SCOTUS sends affirmative action back to the lower courts

The Court did not rule on the merits of the policy itself, but ordered a new hearing on the case

Topics: Supreme Court, Affirmative Action, Fisher v. University of Texas, Race, Anthony Kennedy, Ruth Bader Ginsburg,

SCOTUS sends affirmative action back to the lower courts (Credit: AP Photo/J. Scott Applewhite)

In a 7-1 decision on Monday, the Supreme Court determined that the Fifth Circuit did not properly rule on the use of affirmative action at the University of Texas at Austin, thus ordering the lower court to hold a new hearing on the case – and not issuing a ruling on the merits of the policy itself.

The case, Fisher V. University of Texas at Austin, was argued in October, and involved a white woman suing the university for rejecting her in 2008, arguing that the school’s policy of affirmative action violated the Equal Protection Clause of the Fourteenth Amendment.

In its ruling, the Supreme Court found that the Fifth Circuit Court of Appeals “did not hold the University to the demanding burden of strict scrutiny” when it ruled in favor of the school, and vacated the lower court’s ruling.

Strict scrutiny is the highest standard that courts apply when reviewing a law that either discriminates on the basis of some characteristic (race, gender, etc.), or (as in cases involving abortion laws) interferes with a constitutional right. In these cases, the court typically applies two tests to determine whether or not the law will survive: First, whether the government has a compelling interest for creating a policy (in affirmative action cases this is usually diversity in the classroom), and second, whether the law is “narrowly tailored” to that particular interest (in this case, that would mean there were no other race neutral policies that could accomplish the same objective).



Here, the Court found that the Fifth Circuit had not adequately applied that test, and therefore it ruled incorrectly when it granted summary judgement to the University. “The reviewing court must ultimately be satisfied that no workable race-neutral alternatives would produce the educational benefits of diversity,” wrote Justice Anthony Kennedy in the majority opinion.
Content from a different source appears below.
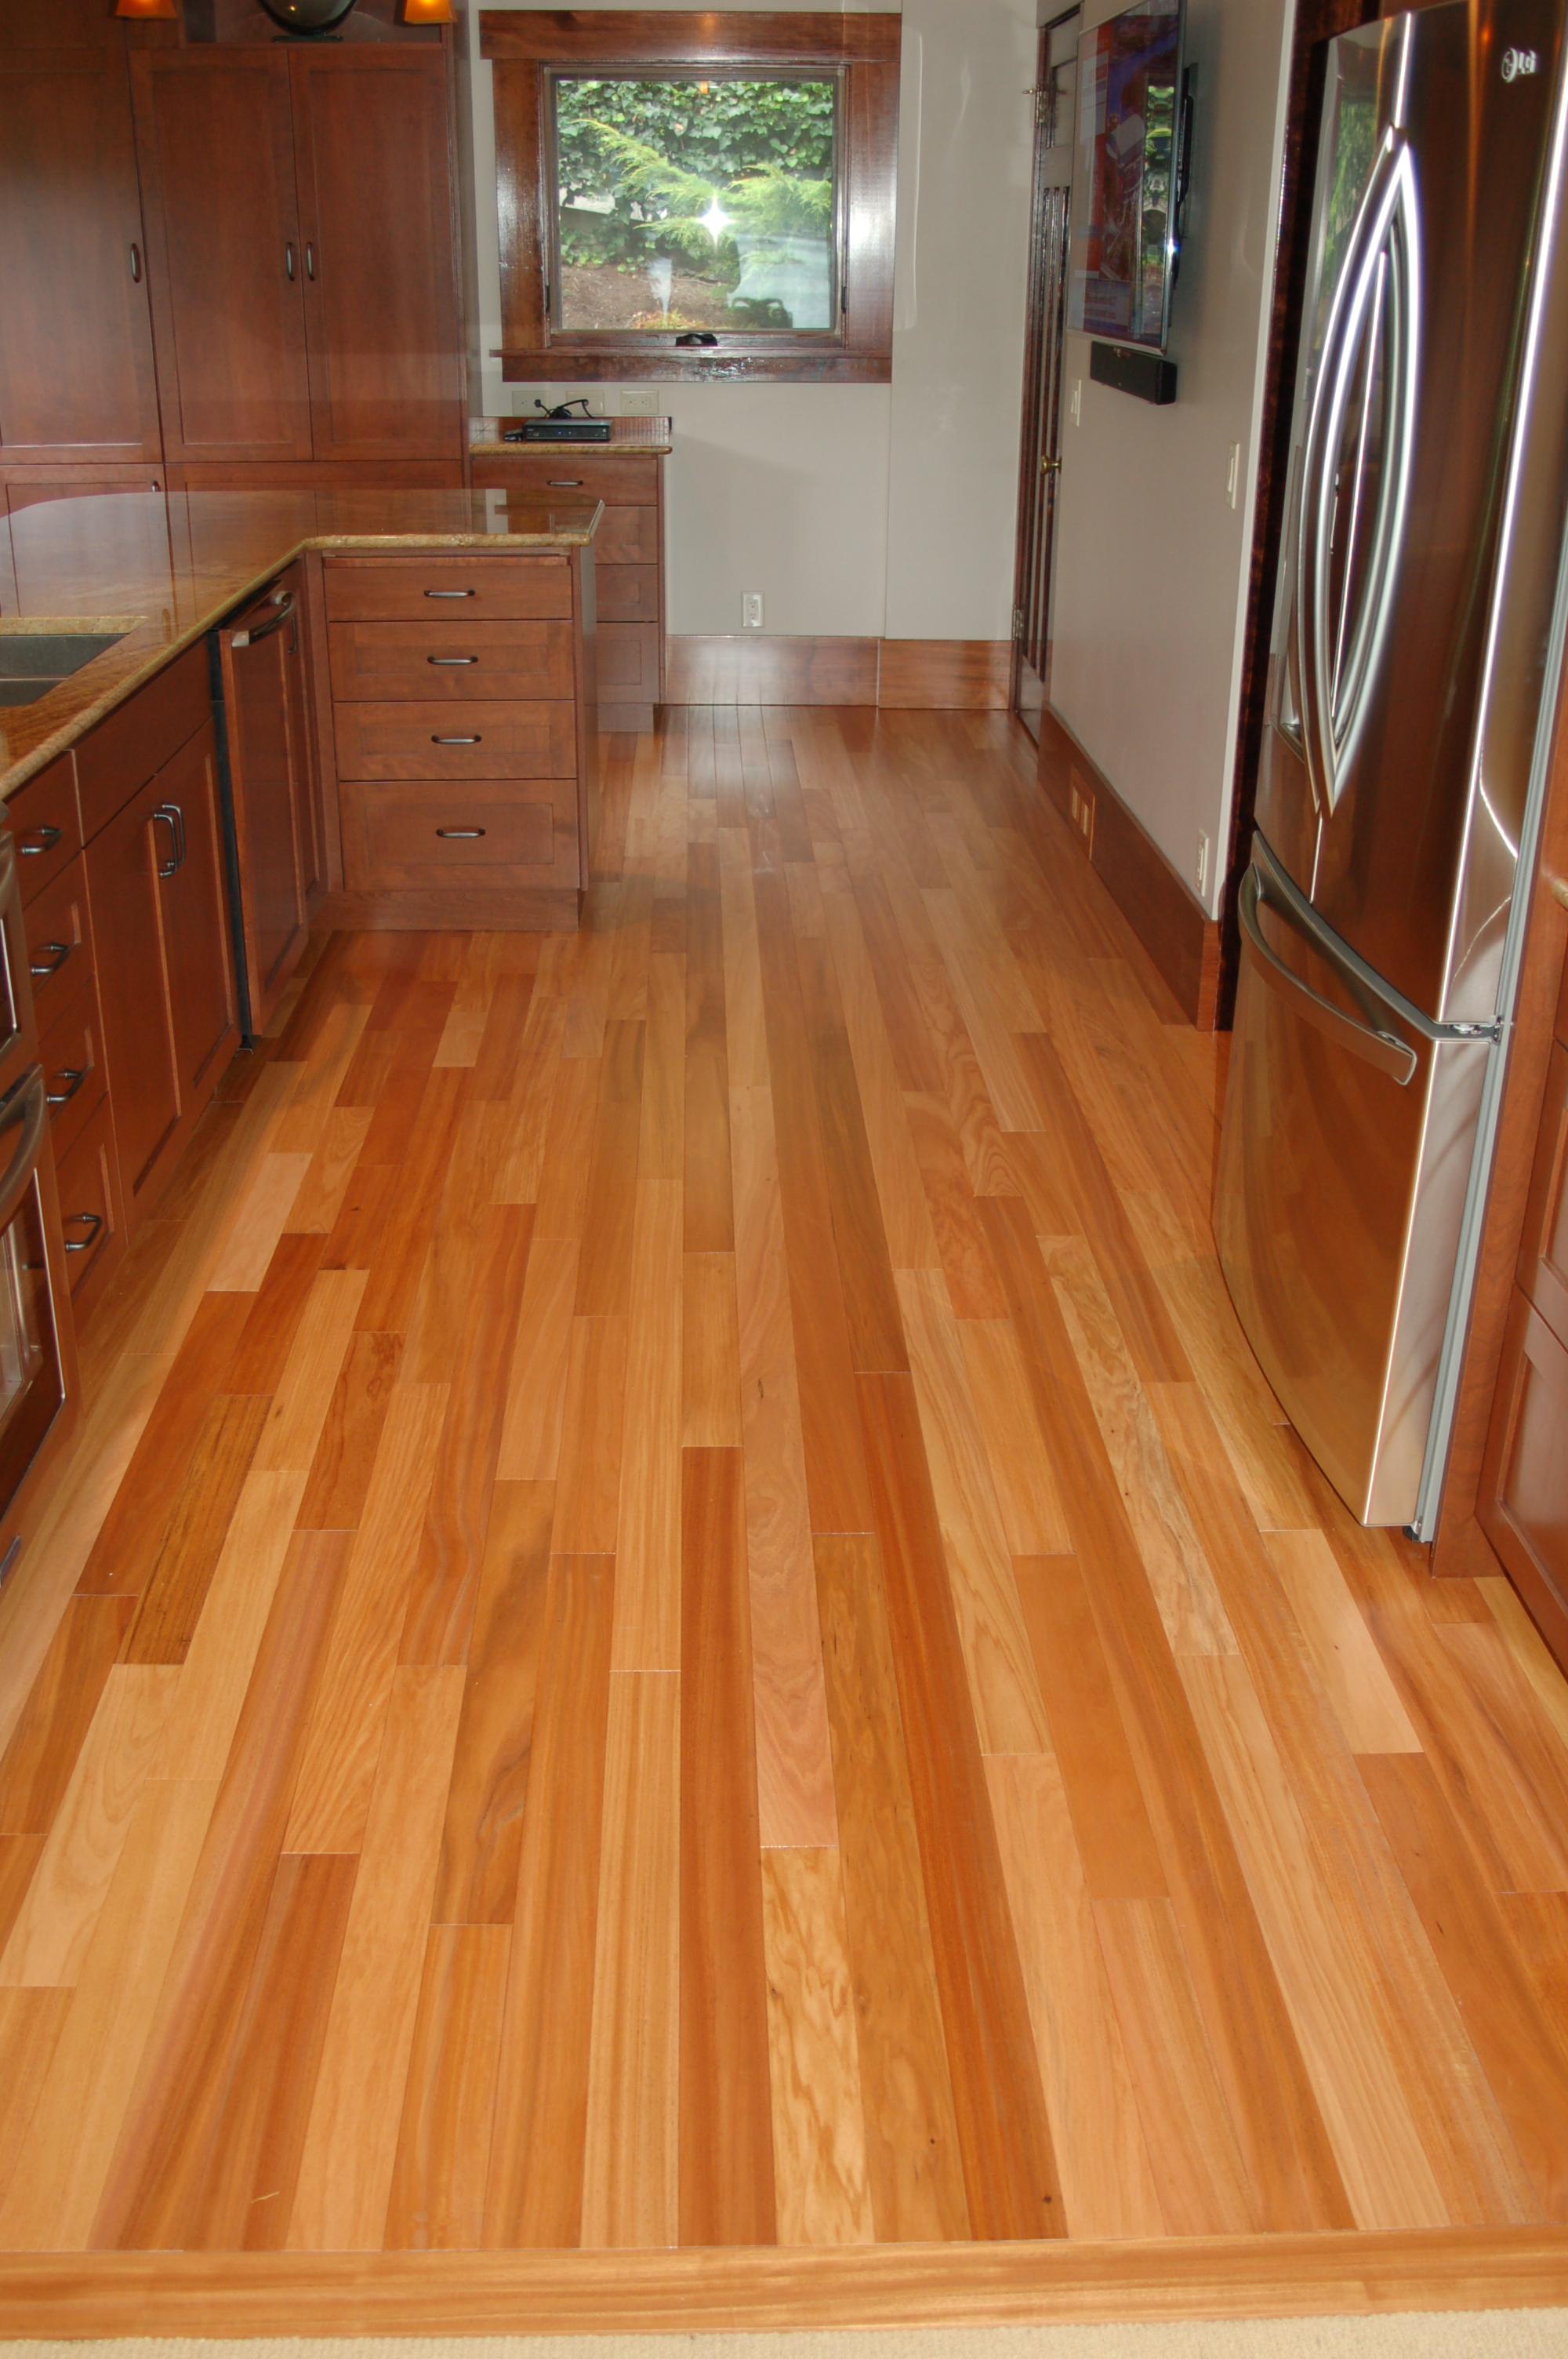 Kitchen remodel Part II of IV Choosing the best flooring

He continued: “Rather than perform this searching examination, the Fifth Circuit held petitioner could challenge only whether the University’s decision to use race as an admissions factor ‘was made in good faith.’ It presumed that the school had acted in good faith and gave petitioner the burden of rebutting that presumption.”

Justice Ruth Bader Ginsburg, who was the lone dissenter (with Justice Elena Kagan recusing herself), argued that the Fifth Circuit’s ruling should be upheld. “I have said before and reiterate here that only an ostrich could regard the supposedly neutral alternatives as race unconscious,” she wrote.

Since the Fifth’s Circuit’s ruling is now vacated, the case will return to a lower court for a new hearing.